Mars (magnitude +1.2, in Libra) and Saturn (magnitude +0.8, in Virgo) are low in the west-southwest in twilight. This week they widen from 10° to 13° apart: a fist-width at arm's length or more. Look for them far lower left of bright Arcturus. Saturn is the one on the right. You may still be able to see Spica twinkling 5° below Saturn.
Jupiter (magnitude 2.3, in Taurus) rises in the east-northeast around 11 or midnight daylight saving time. Once it's well clear of the horizon, look for fainter orange Aldebaran twinkling 6° or 7° to its right.
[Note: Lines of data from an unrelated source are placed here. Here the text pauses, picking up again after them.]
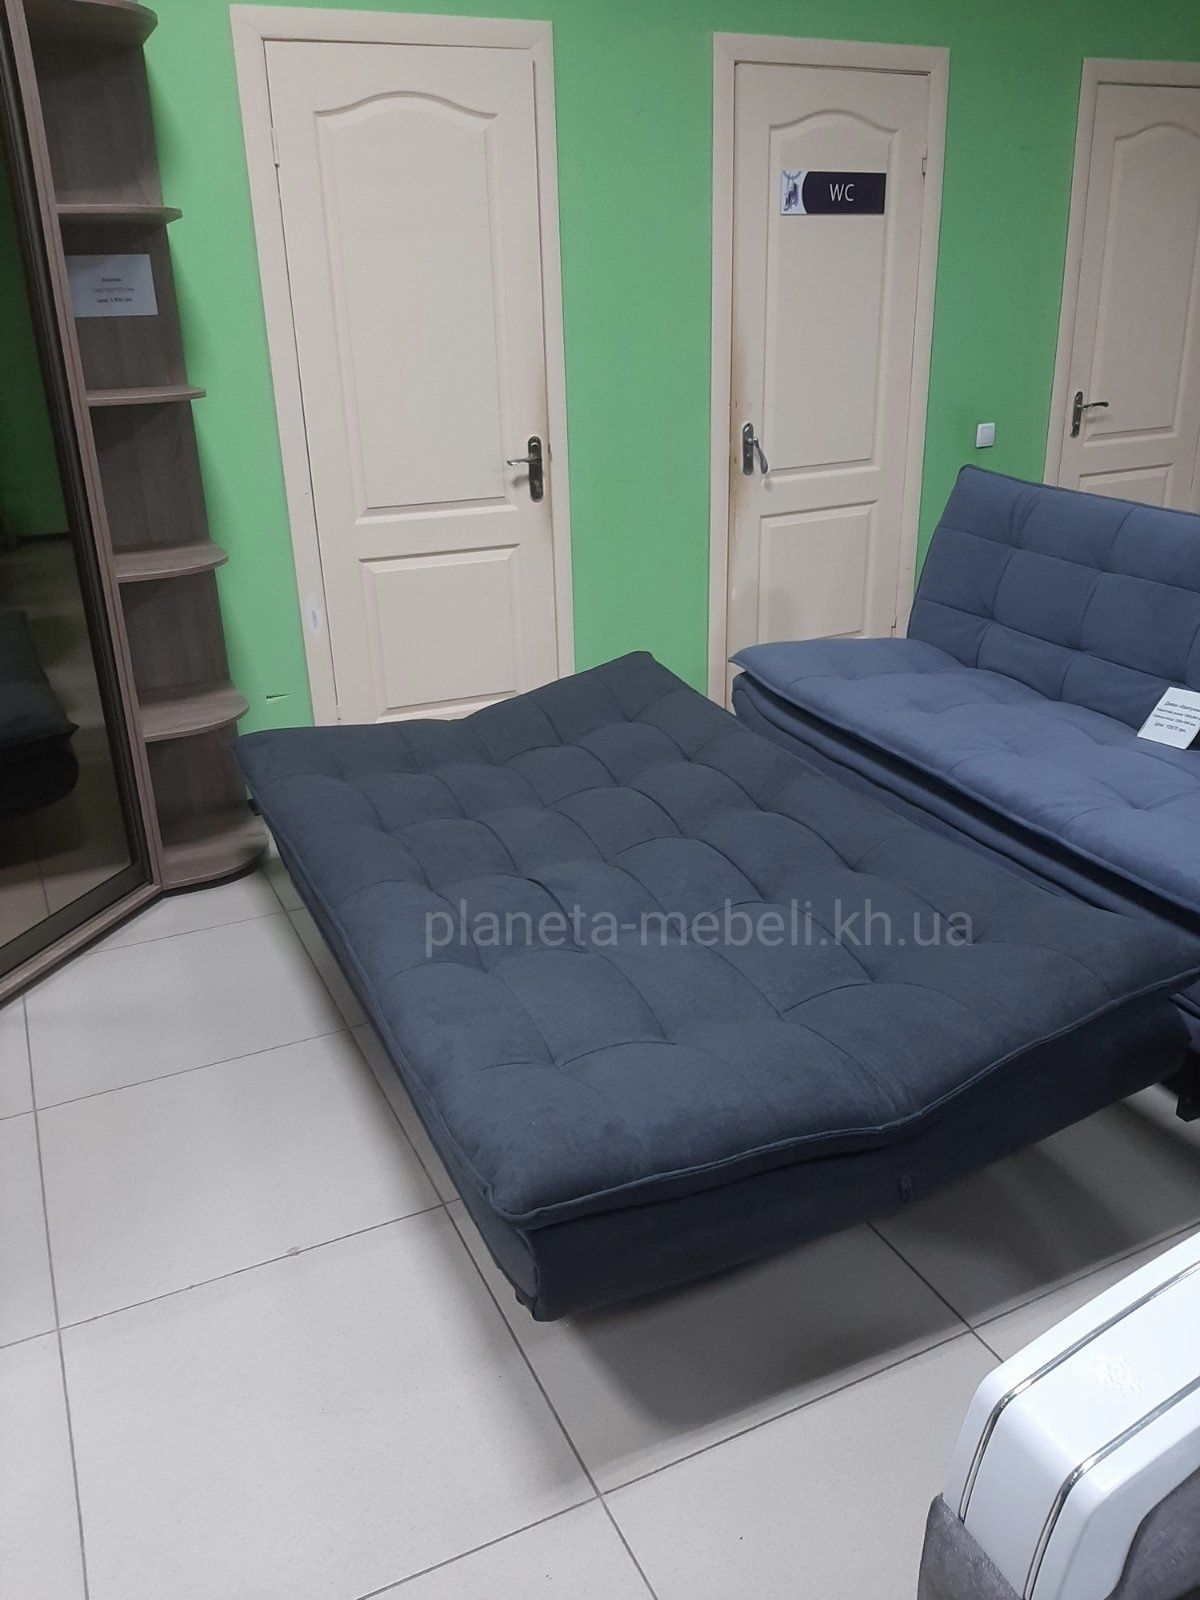 Недорогі дивани Харків, купити диван в Харкові, дивани Харків
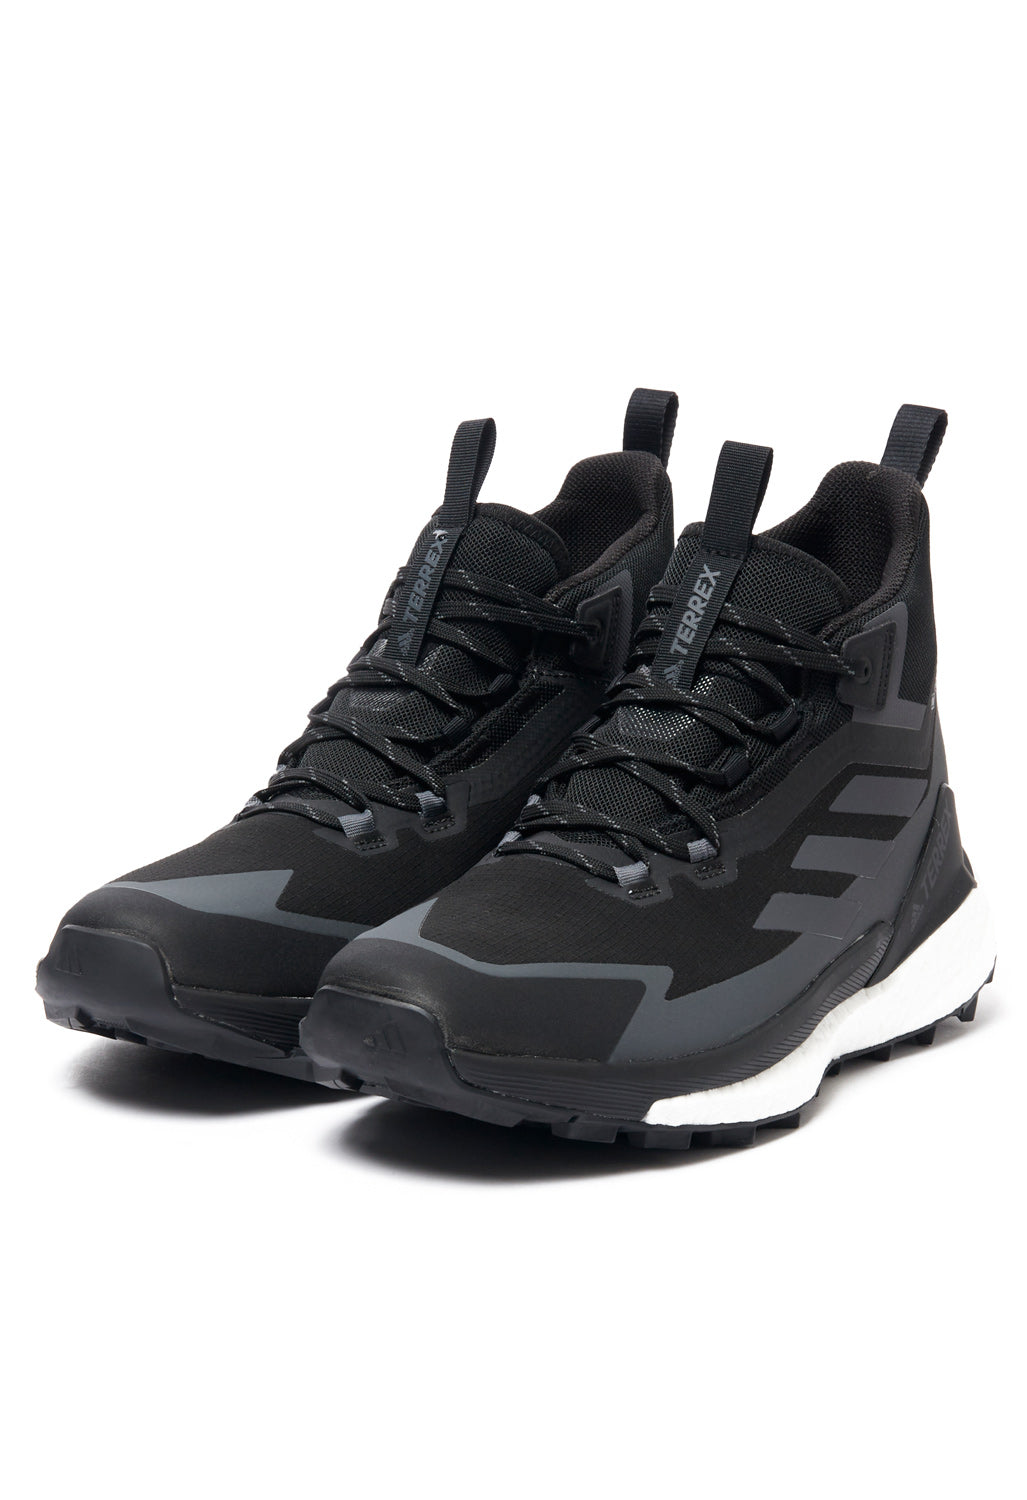 adidas TERREX Free Hiker 2 GORE-TEX Men's Boots - Core Black/Grey Six
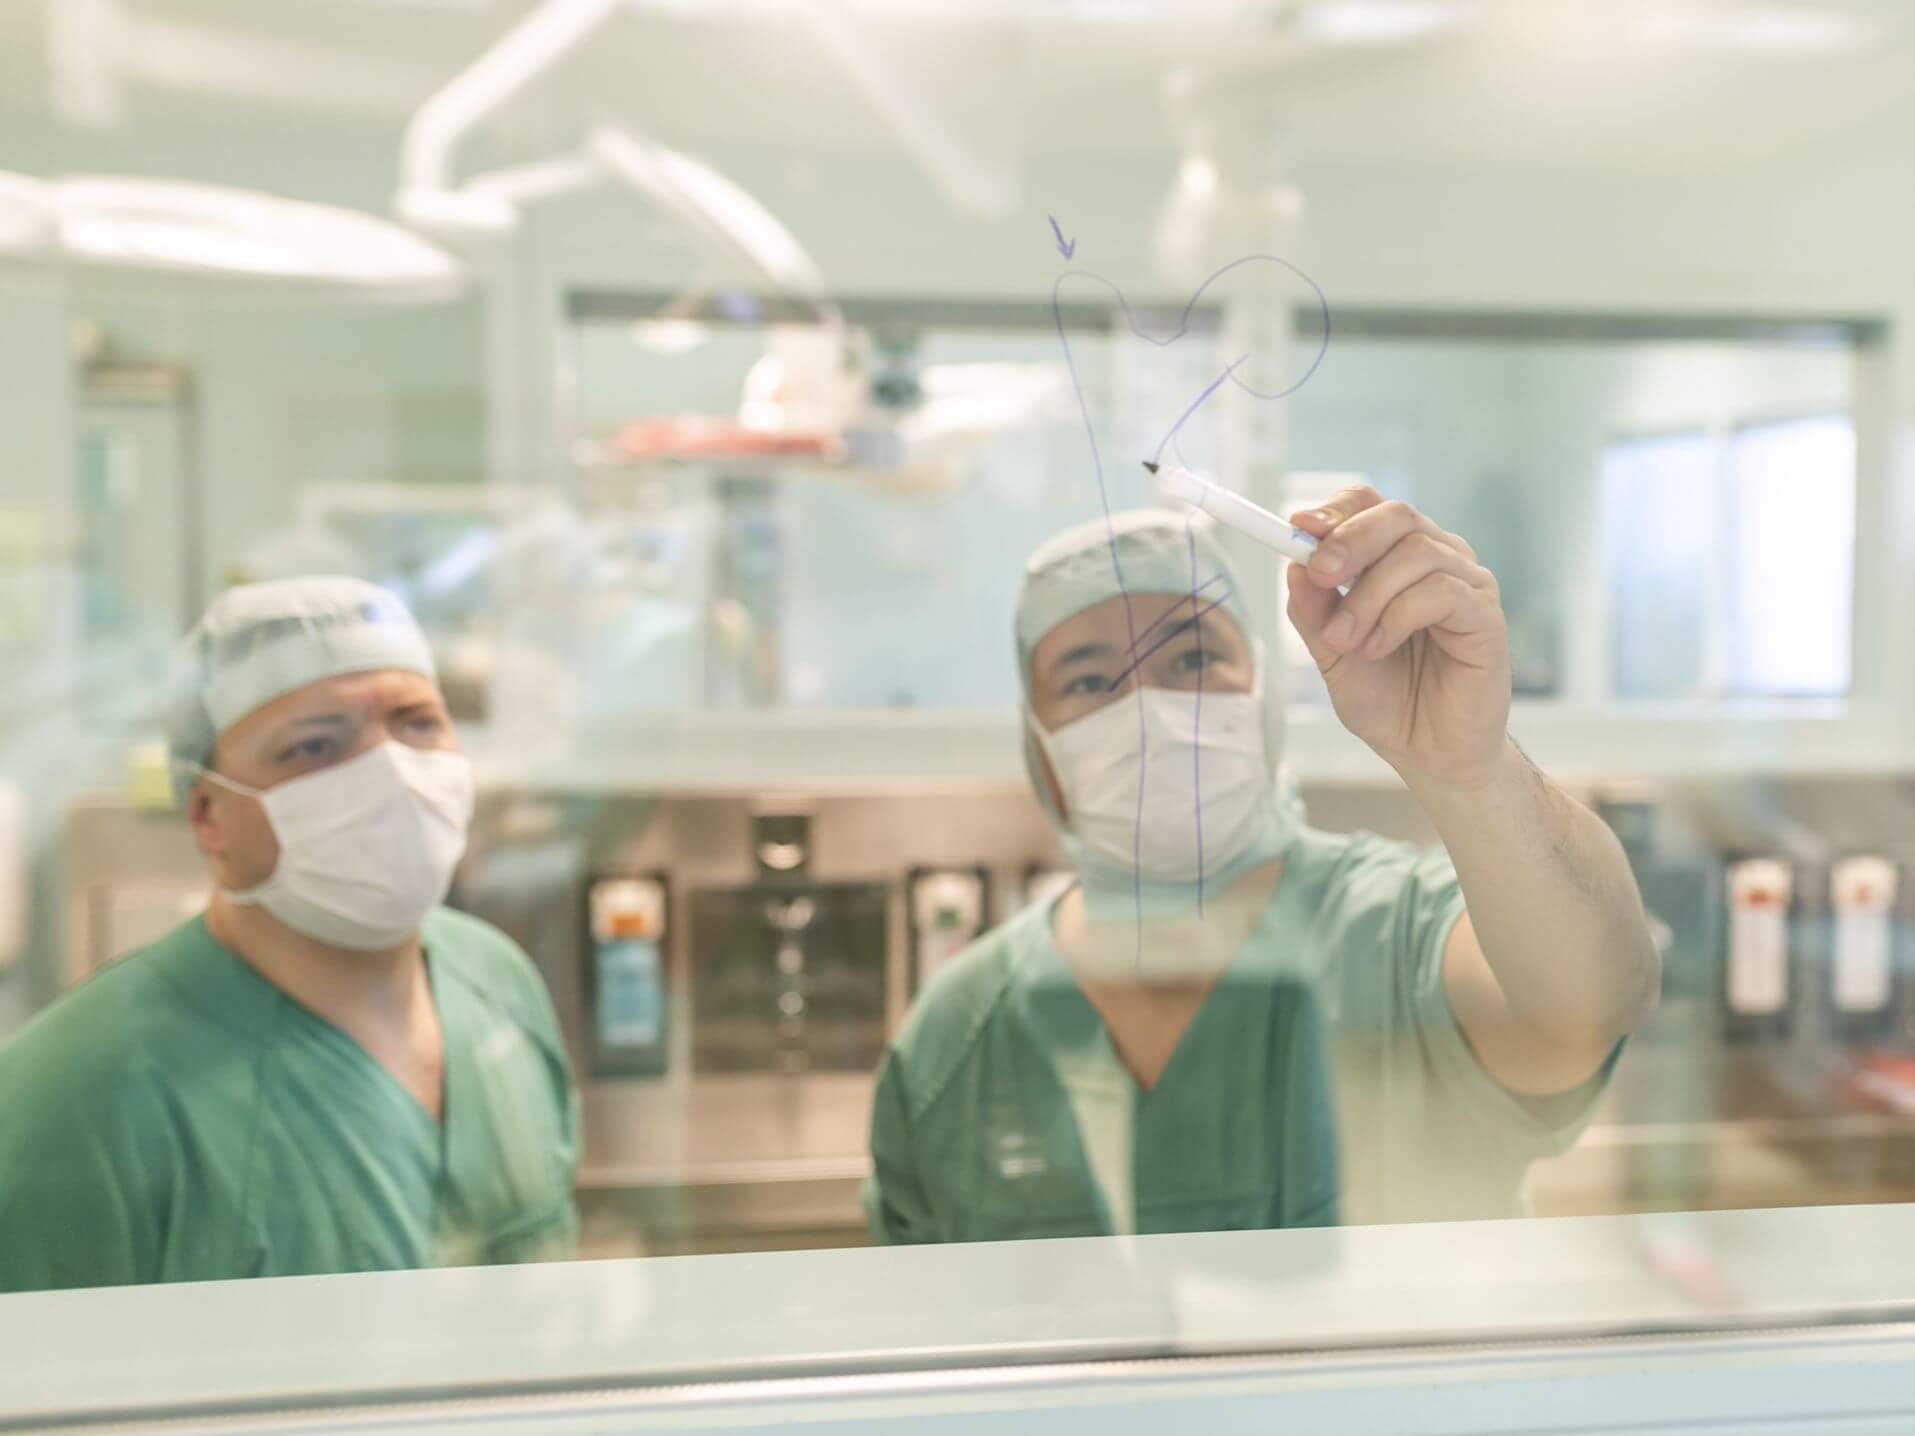 Chefarzt zeichnet einen Oberschenkelknochen auf die Glaswand im OP
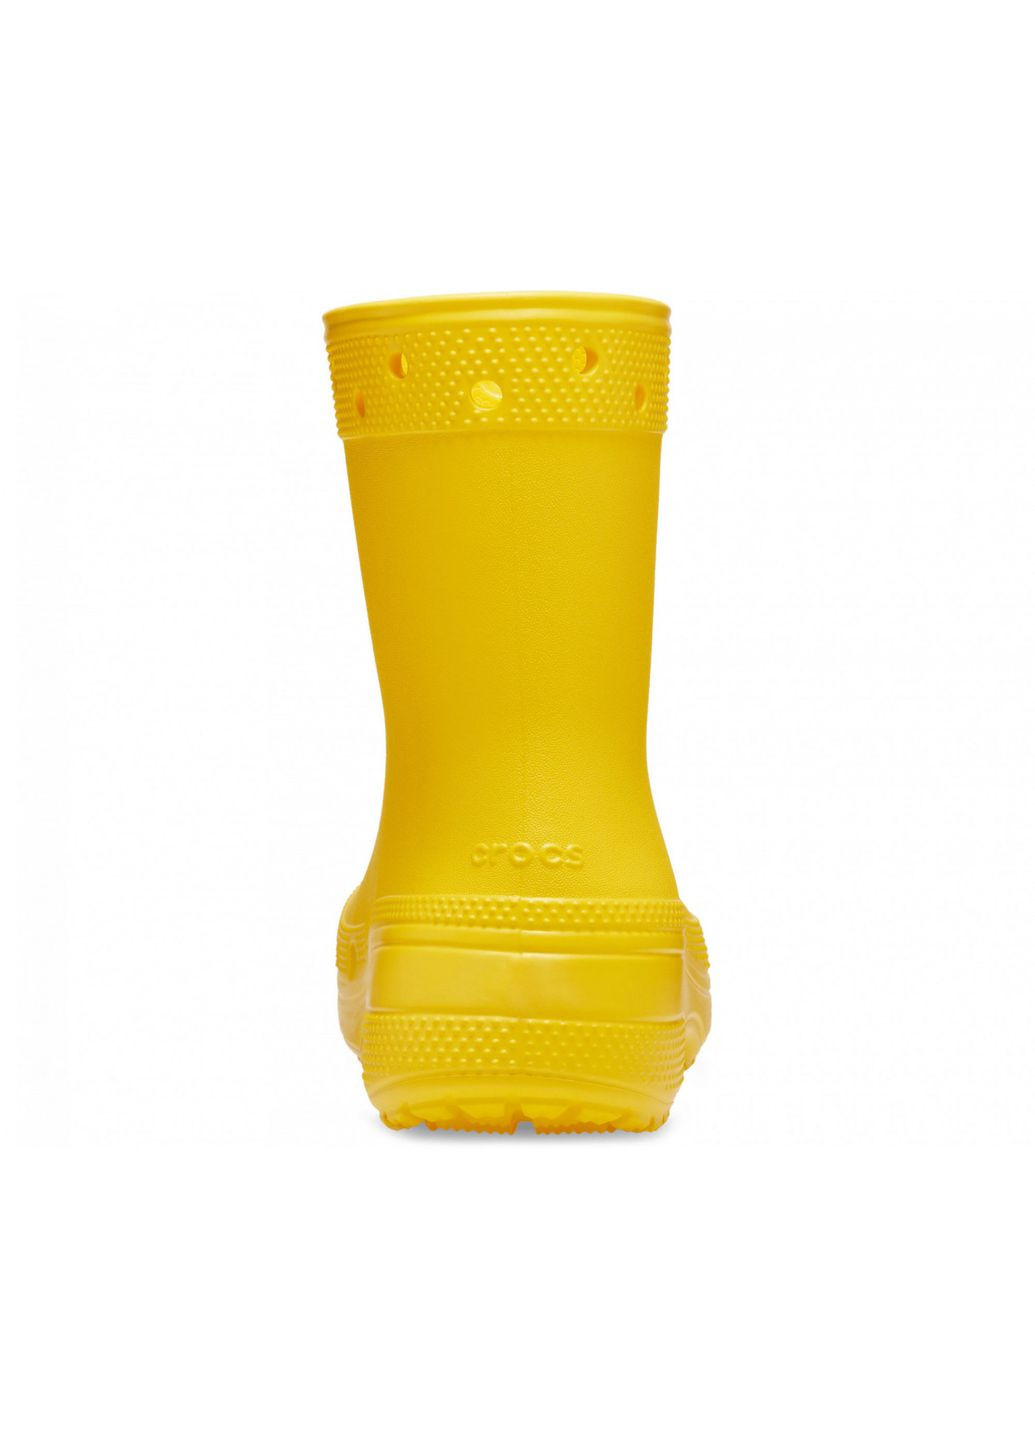 Желтые резиновые сапоги classic rain boot /m4w6/23 см sunflower 208363 Crocs

By dawn Jupiter shines very high in the south-southeast, 40° or 45° upper right of brighter Venus.
Uranus (magnitude 5.7, at the Pisces-Cetus border) and Neptune (magnitude 7.8, in Aquarius) reach good heights in the southeast by mid- to late evening. Finder charts for Uranus and Neptune.
All descriptions that relate to your horizon including the words up, down, right, and left are written for the world's mid-northern latitudes. Descriptions that also depend on longitude (mainly Moon positions) are for North America. Eastern Daylight Time (EDT) equals Universal Time (also known as UT, UTC, or GMT) minus 4 hours.